Rumors have also been flying for a couple of years that Apple is going to drop its WebKit requirement for developers, which would mean other browsers could be built on other rendering engines. If and when that happens, you might be able to run full-fledged Chrome or Firefox on your Apple devices, possibly including the Vision Pro. That change, along with the increased attention on progressive web apps (PWAs) — the cross-platform, web-based apps that Android, Windows, and even Apple are starting to support more strongly — could make your headset’s browser wildly more powerful practically overnight. With a good browser and powerful PWAs, many users might mostly not notice the difference between starting the Spotify app and going to Spotify.com. That’s a win for the whole web.

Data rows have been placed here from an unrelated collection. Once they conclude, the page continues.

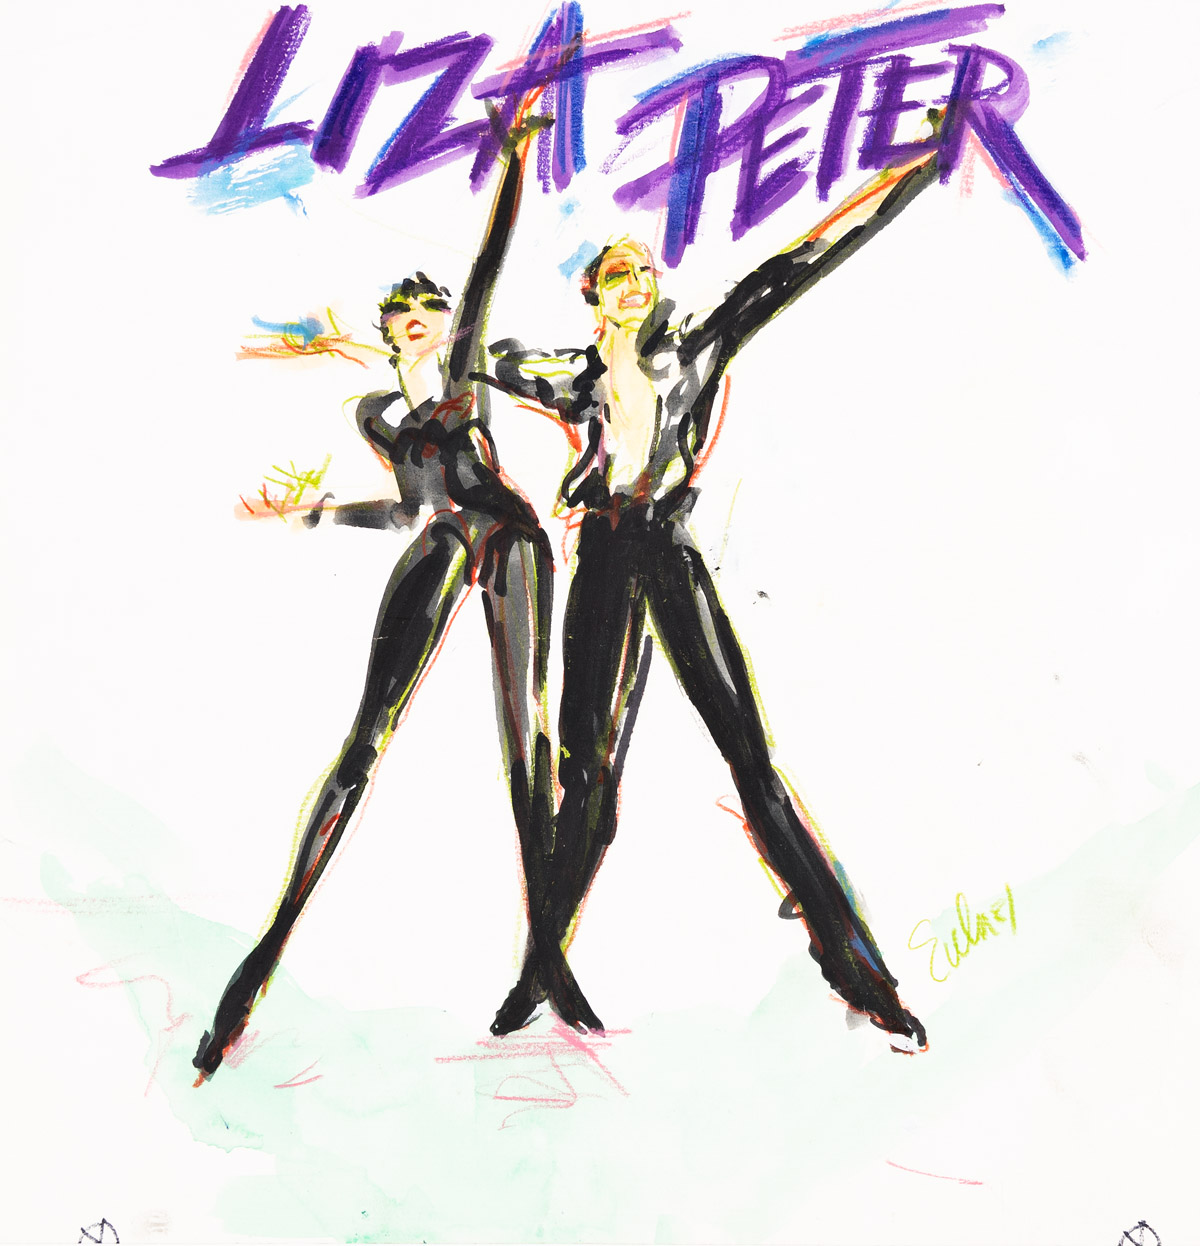 JOE EULA (1925-2004) Lizas Back! Portfolio of drawings of Liza Minnelli from her live album from 2002.
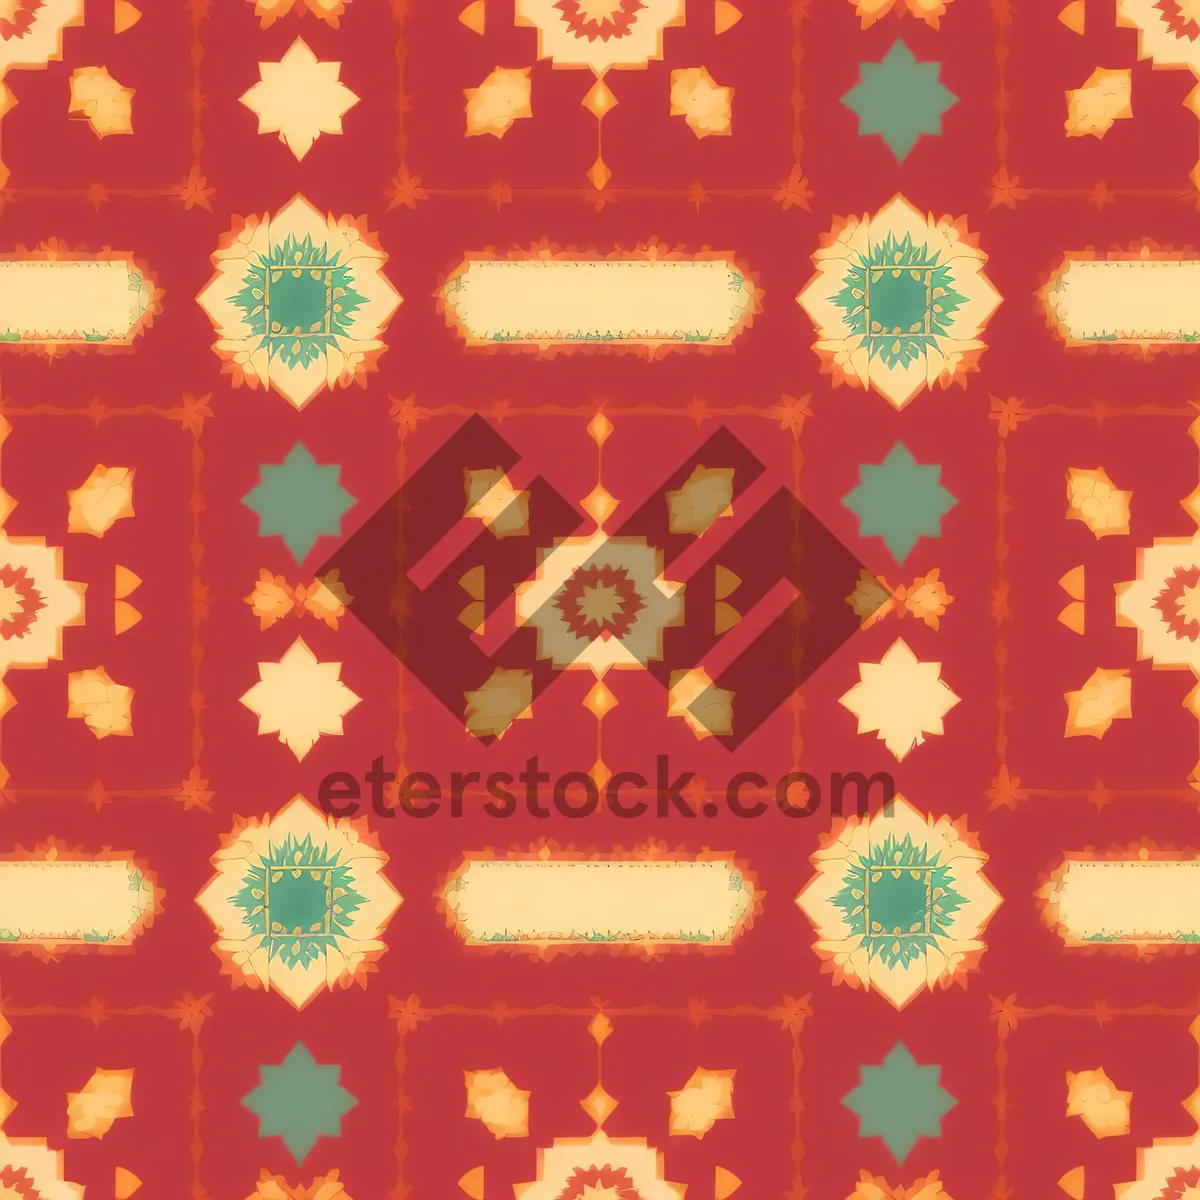 Picture of Ornate Floral Damask Design with Retro Textile Revival
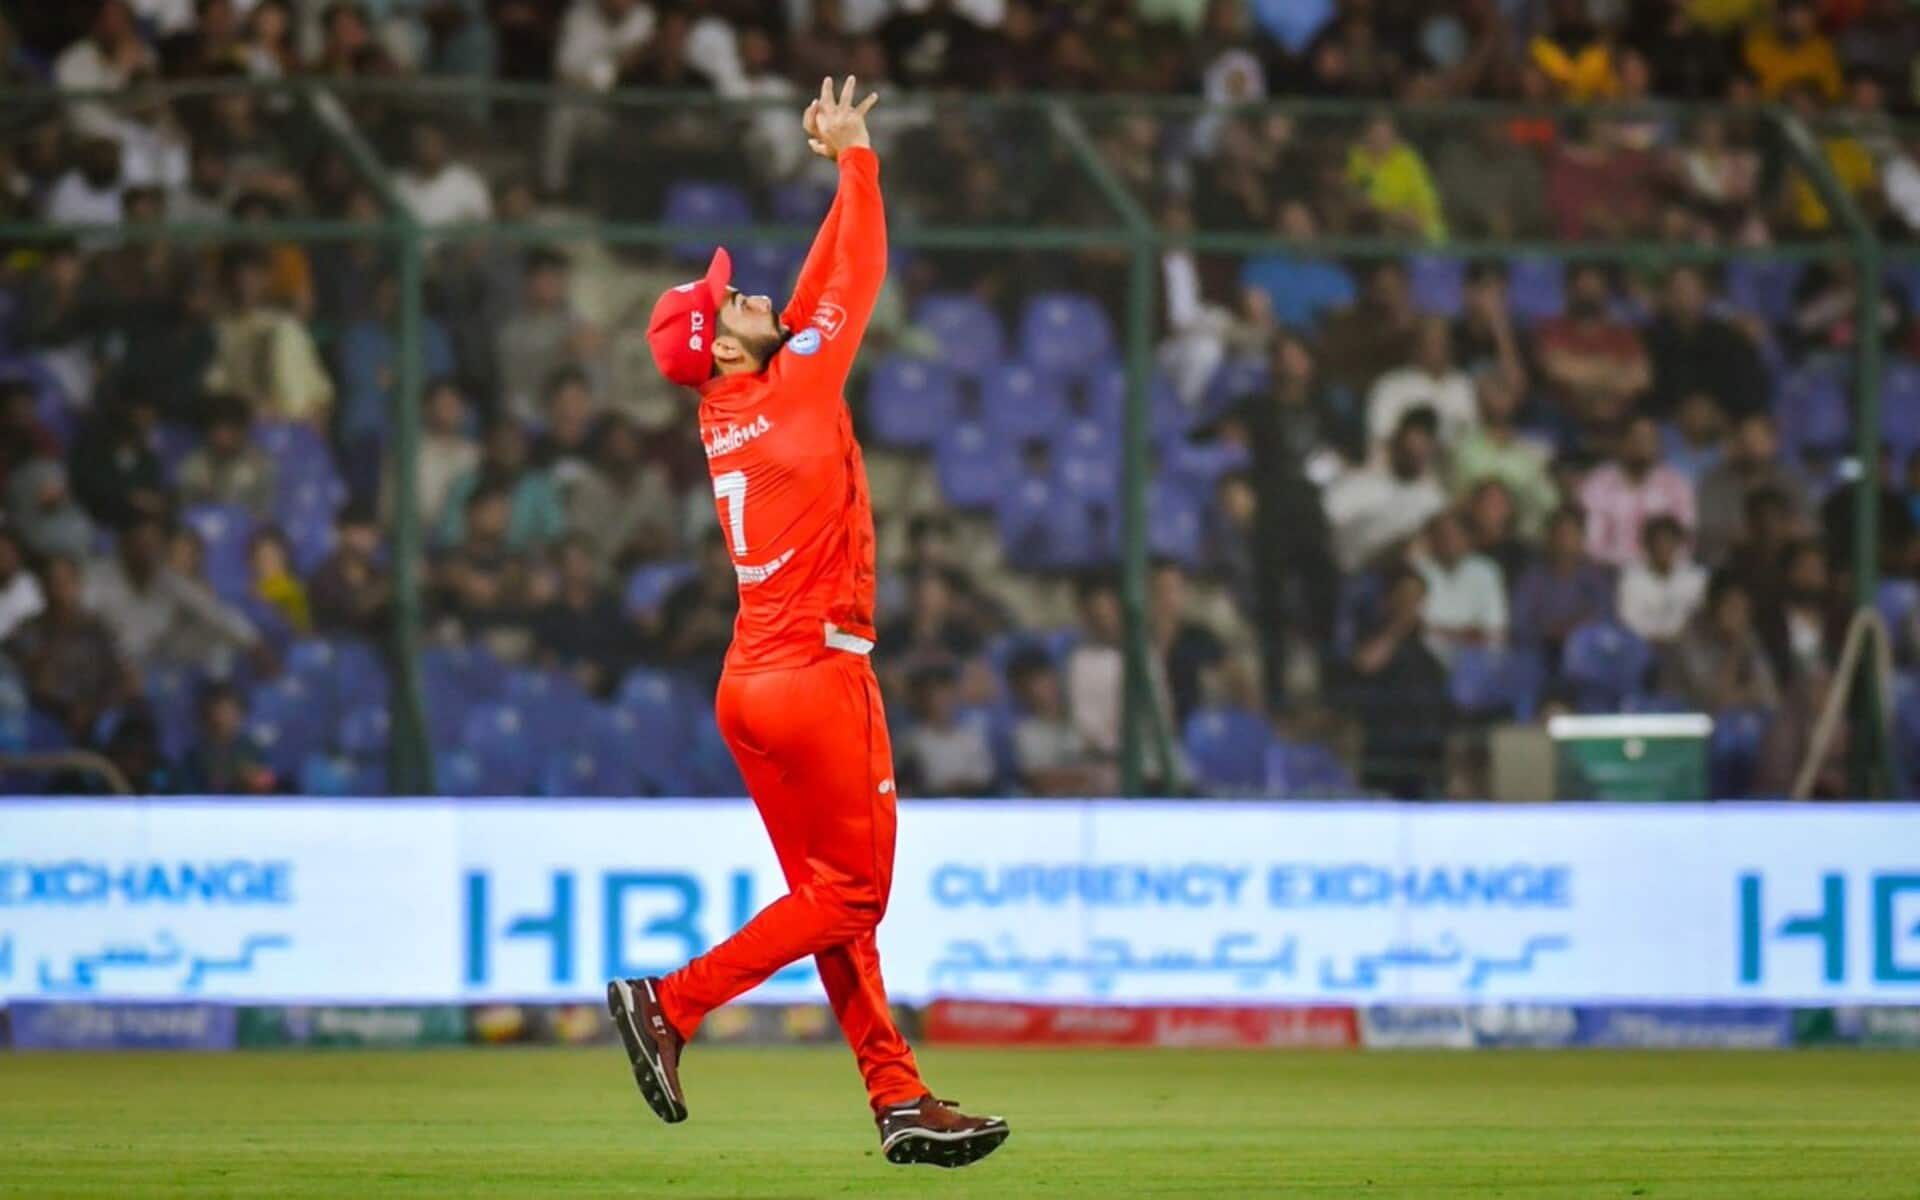 Shadab Khan took four catches in this innings (Source: PSL/PCB)

A powerful, highly integrated desktop-class browser will make the Vision Pro useful and powerful from day one. Apple should accept Safari, allow other desktop-class browsers, and treat the Vision Pro like the power user platform it is. No one has yet seen enough of Safari for visionOS to know if it is all of those things, though — and I’m not sure whether Apple wants it to be. Because here’s the real question for Apple: which is more important, getting the Vision Pro off to a good start or protecting the security of its App Store control at all costs? As Apple tries to make a platform shift to face computers, I’m not sure it can have it both ways.